Using HTTP Request tool for AI agents to scrape websites

ptford · September 14, 2024, 2:18am

Describe the problem/error/question

I tried searching, but could only find instances using APIs. Im trying to use the HTTP request tool with AI agents to simply GET (i.e. visit) a website and read data from it. I tried using a normal HTTP Request node in the workflow to just extract the HTML, but in most cases the HTML contains too many tokens for the AI to process, so I’m trying to see if a tool can do this easier.

What is the error message (if any)?

When using the HTTP tool, I only ever get a “Tool response was not in the expected format” error message.

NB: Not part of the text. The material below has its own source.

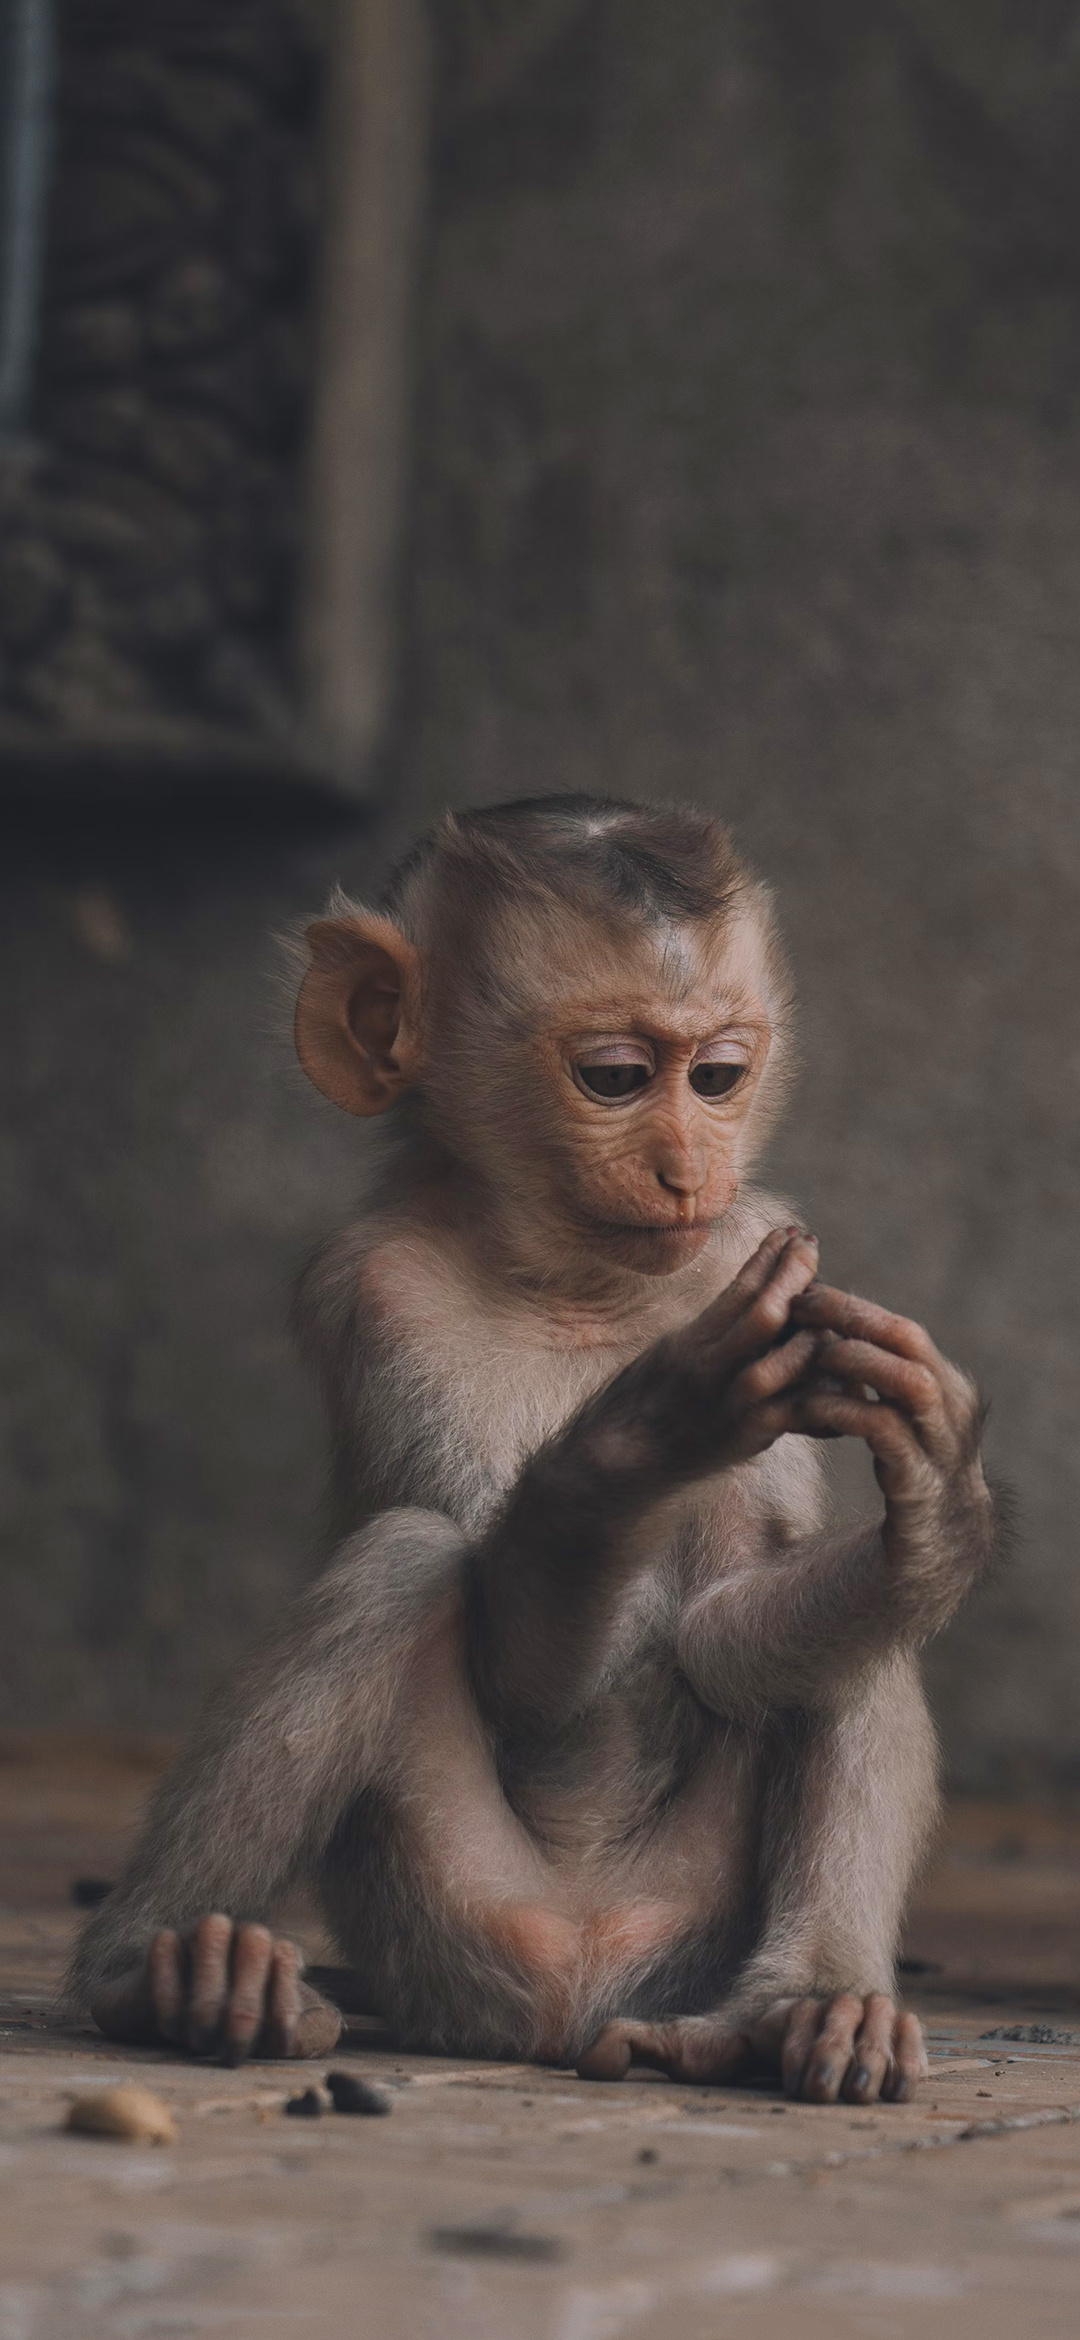 Monkey, monkey wallpapers, nature photography, wildlife lovers, 1080x2340 HD Handy

Please share your workflow

Information on your n8n setup

n8n version: 1.56.2
Database (default: SQLite): SQLite
n8n EXECUTIONS_PROCESS setting (default: own, main): main
Running n8n via (Docker, npm, n8n cloud, desktop app): Docker Compose
Operating system: Ubuntu

KHarv · September 14, 2024, 2:41pm

Hello and welcome!
It’s standard practice in scraping to preprocess HTML before sending it into the AI. I would suggest using Code node to parse your input and extract what you want. But beyond that, scraping is a very deep subject and there are various ways to go about it, so it’s hard to say more without knowing the exact application.

ptford · September 15, 2024, 12:37am

Got it, yes I suppose more context would definitely be helpful. I want to be able to send the AI a link as part of a prompt and have it visit the link and return back information about the company on that website. This is easily done in ChatGPT UI, but the OpenAI API does not provide a way to let the AI access the internet so I need to provide a tool for it to browse the web. Scraping is probably not the correct word I should use here. I suppose it could also take a screenshot of the link and do some image recognition to gather the info, although that would not include scrolling the webpage.

system · December 14, 2024, 12:38am

This topic was automatically closed 90 days after the last reply. New replies are no longer allowed.